The first is the undermining of the meritocratic ideal. In a society which is increasingly unequal, that everyone has a chance become an untenable claim. Increasingly, private education, better healthcare, etc., create an unassailable advantage that accrue to few of the well-endowed. That such inequality always existed is besides the point here: That such inequality deeply undermines the professional ideal is what we should worry about. Such privileges rob the legitimacy of the class society we have now taken for granted.

The second is the nature of expert knowledge. In one hand, knowledge is becoming ubiquitous and everyone can access it: But this also means that the nature of expert knowledge required to produce value is changing. It is no longer the access to knowledge that matters, but the means to produce the knowledge that matters. This is creating a few Information Elites tasked to curate, and advance knowledge, whereas the usage of knowledge is all but commoditised. This may be portrayed as professions reaching its idyll, but eventually the changing nature of knowledge hurts the professions, because such production of knowledge, under the current economic structure, means undermining the professional autonomy that was the basis of the creation of a professional society. The control of the means of production of knowledge (a self-consciously erroneous extension of a Marxian concept) lets us into a financier society, and undermines the professional ideal.

The third is the change of the underlying social contract, as manifested in political structures sustaining professional society: Democracy. In one way, a successful professional society rested very much upon a political meritocracy, structured around the ability to win and maintain popular support. However, the advent of broadcast media, which changes the game by making the medium the message, undermined the meritocracy in many ways, and winning elections for whoever has more money. The 'professional' political class conveys to us only the wrong idea of the 'profession'.
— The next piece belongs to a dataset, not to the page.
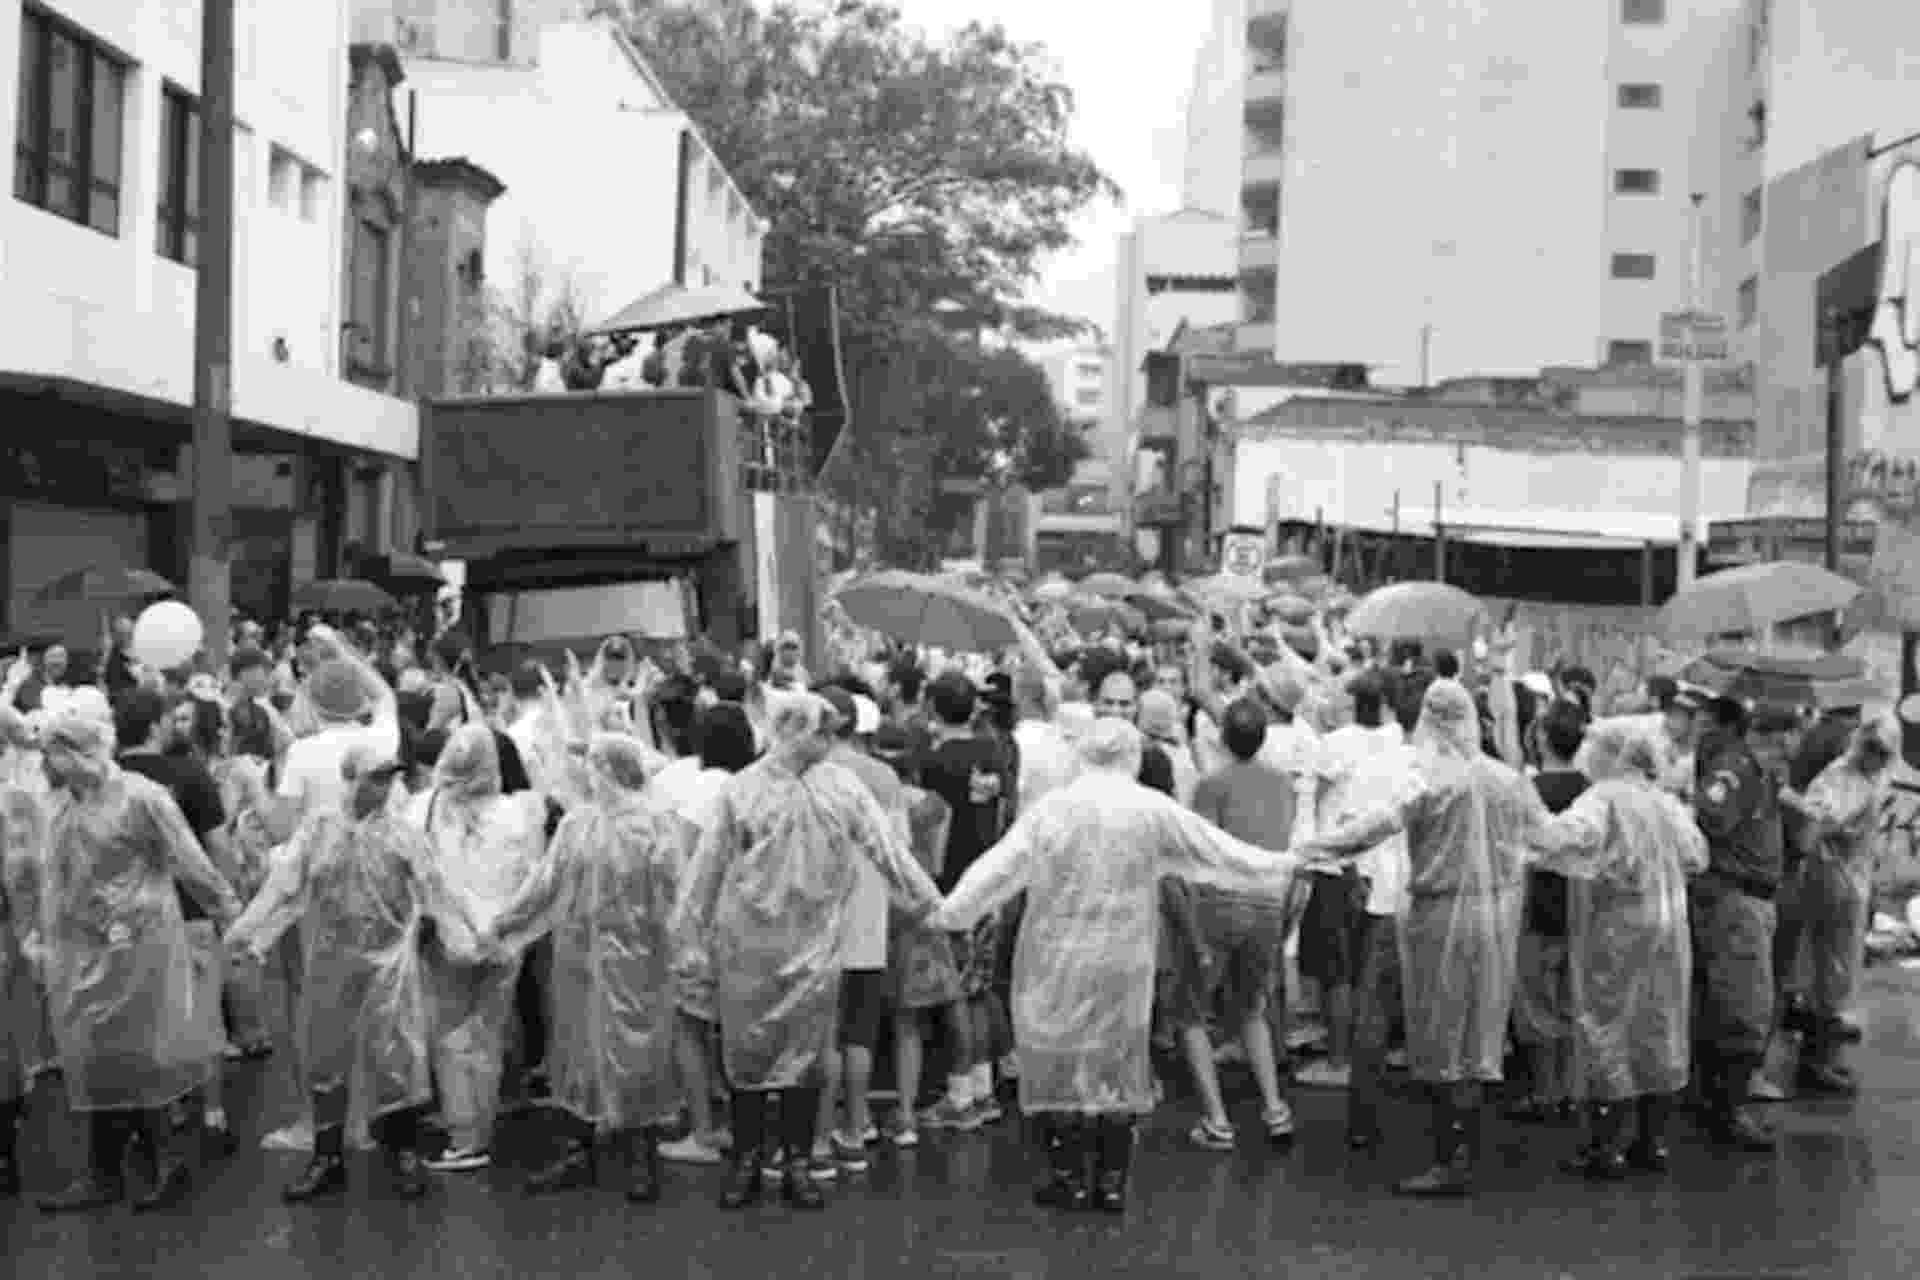 2010 O primeiro desfile do Baixo Augusta, que tinha sido criado em agosto de 2009. Na época, a subprefeitura da Sé, só deixou que o bloco saísse se o percurso fosse feito na calçada da rua Augusta. O que, evidentemente, deu problema. As pessoas terminaram indo para o meio da rua, e criou-se tumulto. - Frâncio de Holanda/Divulgação

Professional Society may be at a point of historical decline, may be irreversibly. No one may be mourning it yet, obsessed as we are with our technological progress. This, however, shows our historical myopia at its worst, because our progress stands on history and not in spite of it. The professional ideal made the world we know possible, and its absence may mean a breakdown of the 'social contract' we have been thriving upon so far. Indeed, we are too intent upon tearing down the institutions that made the professional society possible, such as free universal education and healthcare. These areas are usually seen as newer areas of public services which can be privatised and money can be made there, but their foundational role in maintaining a professional society, creating wider perspectives on knowledge and maintaining democracies are intentionally overlooked. The more we take our progress for granted, the more likely we are to undo it.